Dare, M. R., Middleton, P., Crowther, C. A., Flenady, V. J., & Varatharaju, B. (2006). Planned early birth versus expectant management (waiting) for prelabour rupture of membranes at term (37 weeks or more). Cochrane Database Syst Rev(1), CD005302.
Hannah, M. E., Ohlsson, A., Farine, D., Hewson, S. A., Hodnett, E. D., Myhr, T. L., et al. (1996). Induction of labor compared with expectant management for prelabor rupture of the membranes at term. TermPROM study group. N Engl J Med, 334(16), 1005-1010.
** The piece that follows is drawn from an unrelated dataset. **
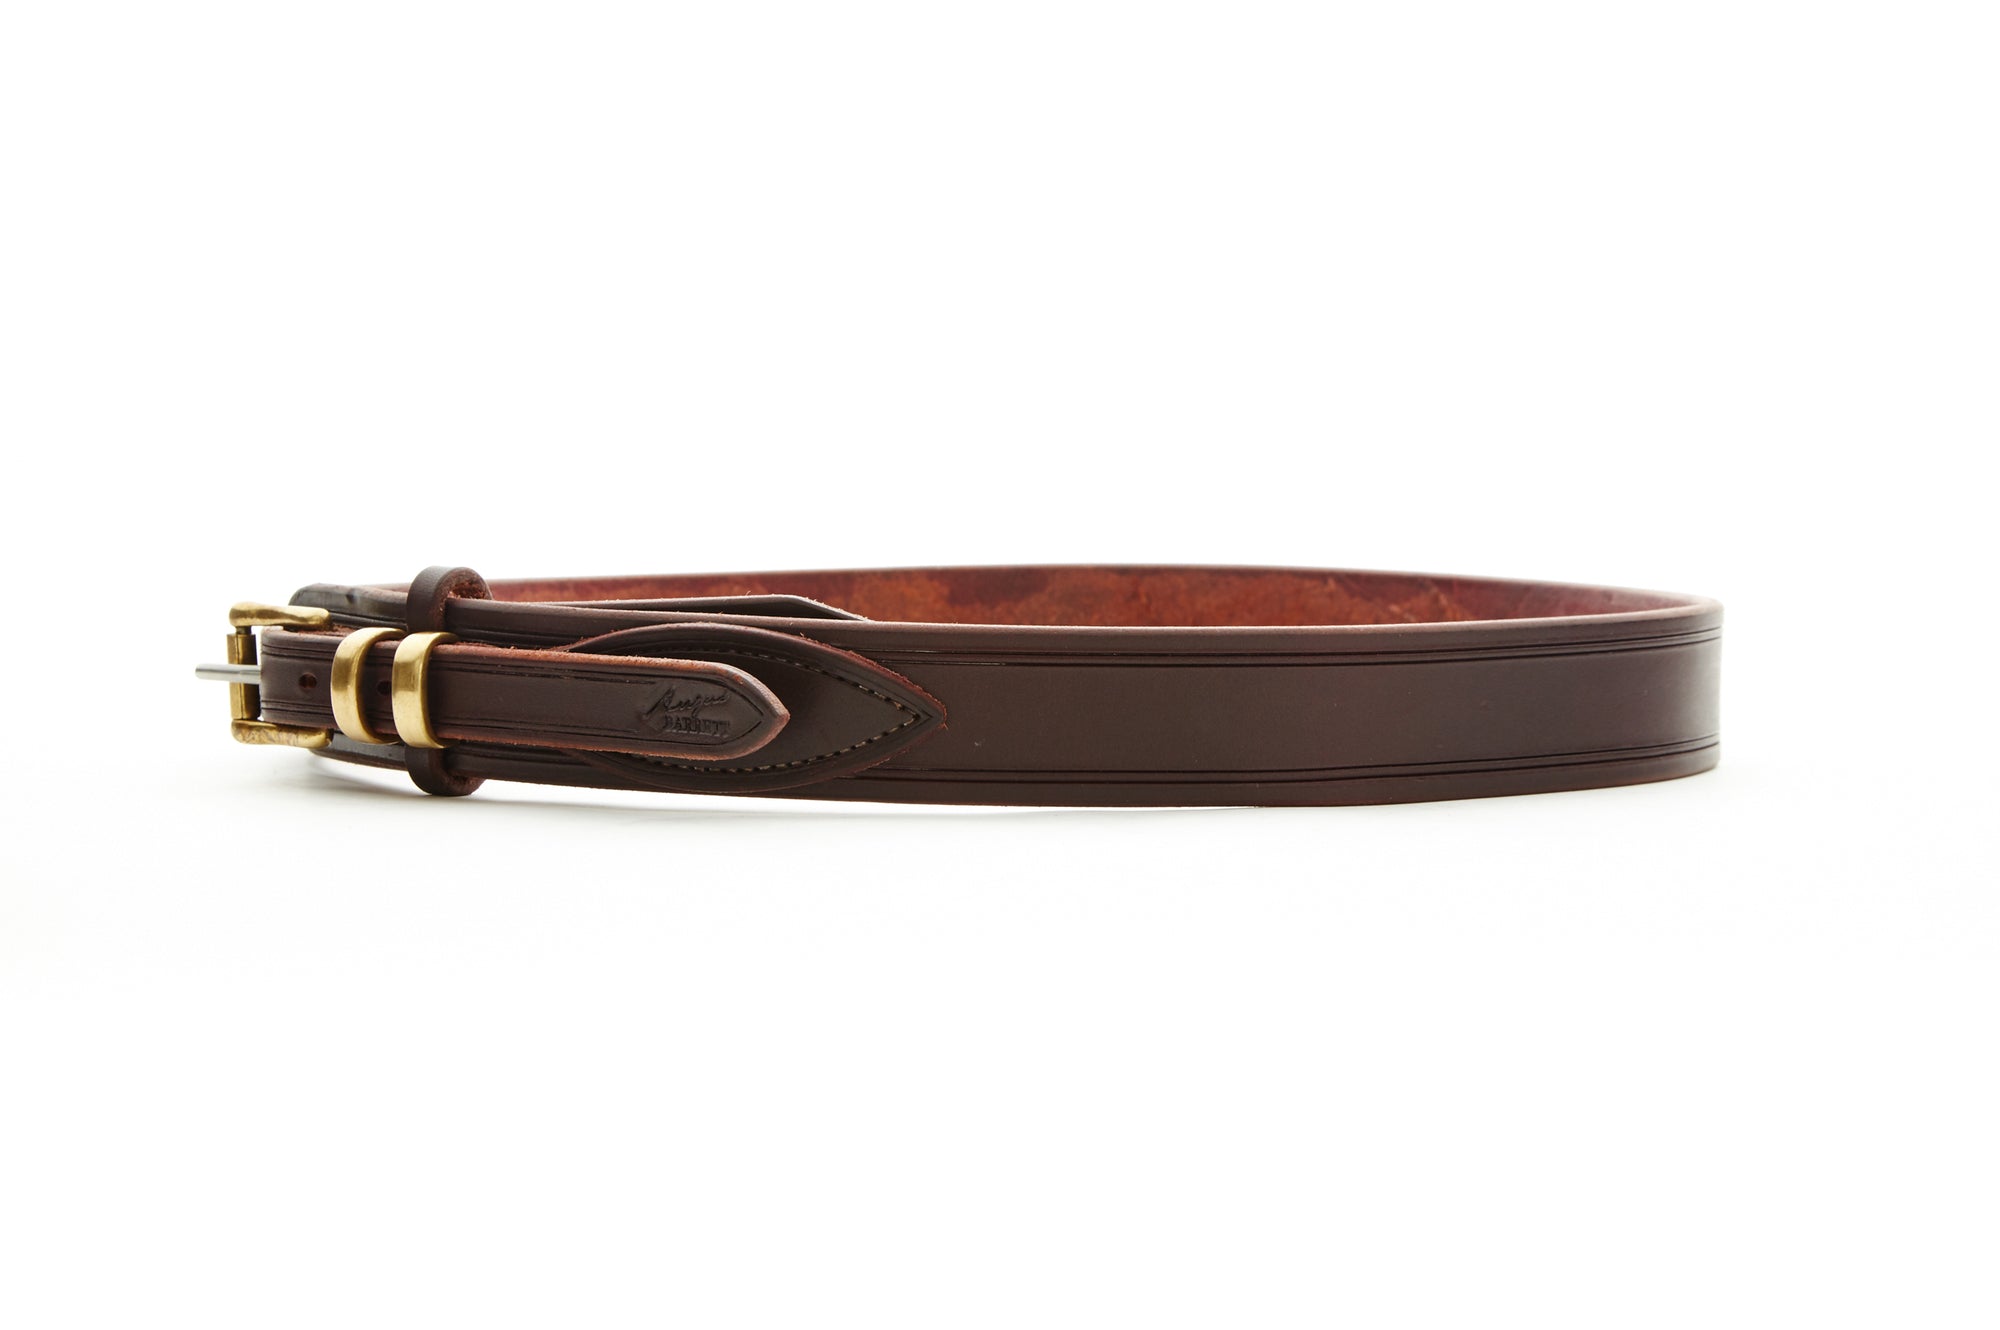 Angus Barrett Drovers Belt with sold Brass hardware

Hannah, M. E., Ohlsson, A., Wang, E. E., Matlow, A., Foster, G. A., Willan, A. R., et al. (1997). Maternal colonization with group b streptococcus and prelabor rupture of membranes at term: The role of induction of labor. TermPROM study group. Am J Obstet Gynecol, 177(4), 780-785.
Seaward, P. G., Hannah, M. E., Myhr, T. L., Farine, D., Ohlsson, A., Wang, E. E., et al. (1997). International multicentre term prelabor rupture of membranes study: Evaluation of predictors of clinical chorioamnionitis and postpartum fever in patients with prelabor rupture of membranes at term. Am J Obstet Gynecol, 177(5), 1024-1029.
Seaward, P. G., Hannah, M. E., Myhr, T. L., Farine, D., Ohlsson, A., Wang, E. E., et al. (1998). International multicenter term prom study: Evaluation of predictors of neonatal infection in infants born to patients with premature rupture of membranes at term. Premature rupture of the membranes. Am J Obstet Gynecol, 179(3 Pt 1), 635-639.